Его унесло волной на исходе осени, в самом конце купального сезона. Он до конца верил, что она придет в себя. И прощаясь со мной в последний раз, он сказал: «Держись!»
* * *
Человек в черном сматывает веревку, и она медленно выползает из медных скоб навстречу его перчаткам. С кем я могу теперь поговорить?
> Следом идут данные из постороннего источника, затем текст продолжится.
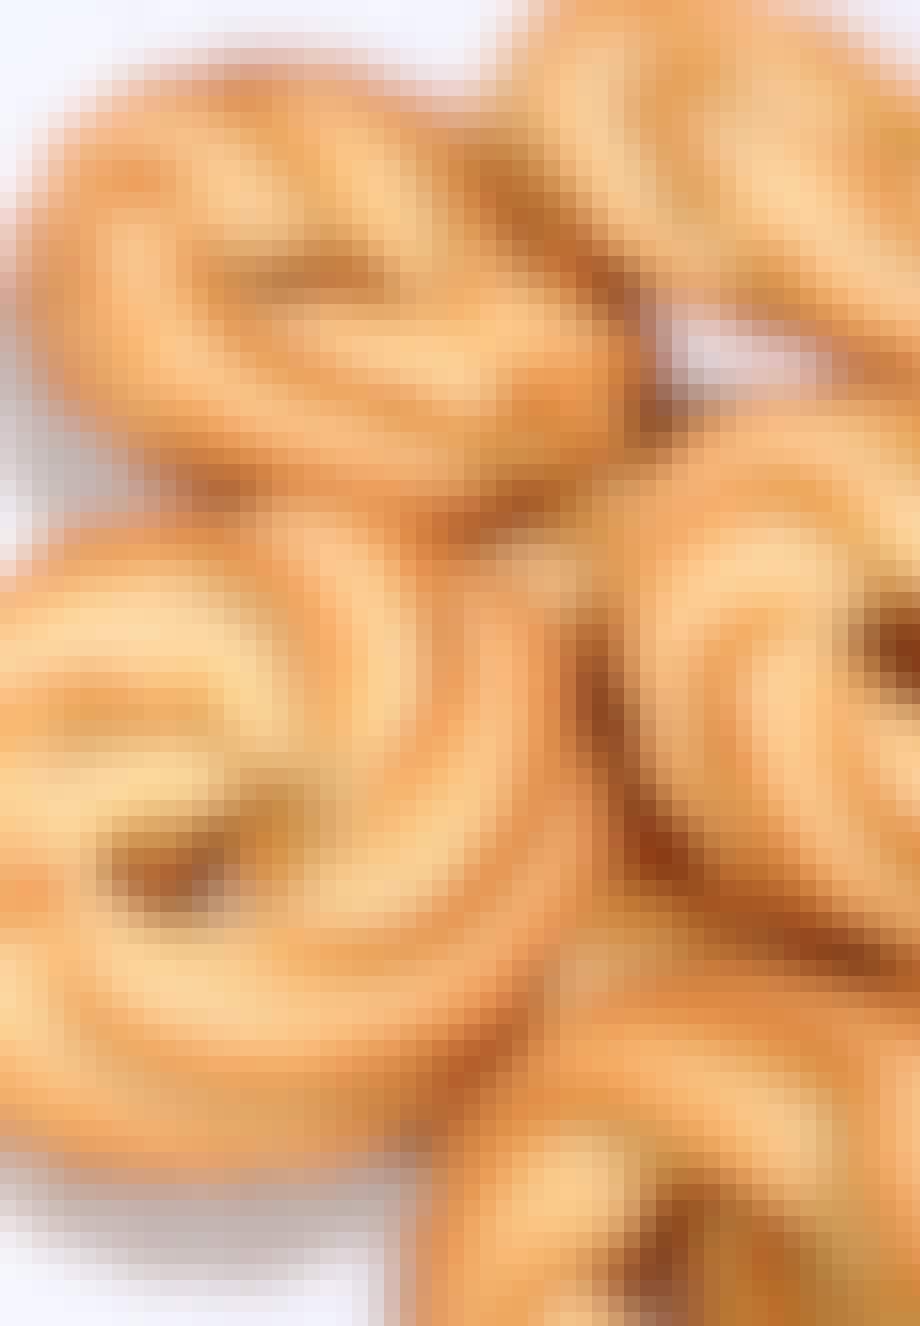 Gyldne vaniljekranse

Кому прокричать имя Доминик, как вернуть ей плоть и кровь, как оживить наши воспоминания? Был у нас один-единственный друг Эли Помар, но он не смог приехать, потому что проходил в Везине ежегодный курс дезинтоксикации. Только прислал букет лилий, тех самых, что всегда дарил Доминик, повергая ее в отчаяние: пыльца от тычинок рассыпалась по белому ковру и оставляла на нем ничем не выводимые пятна. Старина Эли жил лишь на проценты от редких показов фильмов по когда-то написанным им сценариям, и все, что он мог подарить, приходя к нам на ужин, — традиционная дюжина белых лилий, потому Доминик так и не осмелилась признаться ему, что ненавидит эти цветы. Поцеловав его с искренней радостью и благодарностью, которые неизменно приводили меня в восторг, она скрывалась на кухне, чтобы поставить букет в вазу, и потихоньку срезала тычинки с пыльцой. А я, поскольку вставал пораньше, должен был на следующий день срочно препарировать открывшиеся за ночь бутоны.
Бедный Эли. Я поискал глазами его последний букет, который служащие похоронного бюро почти завалили венками от мэра, оркестра, газеты и жюри «Интералье»[7], сочтя их более достойными, чем скромный букет лилий с карточкой «от Лили». Доминик обожала уменьшительные имена, и только ради нее он примирился с таким прозвищем. Я все же отыскал его — и оторопел: тычинки были обрезаны до самых венчиков. У меня перехватило дыхание, я отшатнулся, увидев в этом знак. Люди со скорбными лицами смотрели на меня. В слепящих лучах солнца, среди сосновых лап мне улыбалась Доминик. Своей удивительной, кроткой, забавной, искренней улыбкой.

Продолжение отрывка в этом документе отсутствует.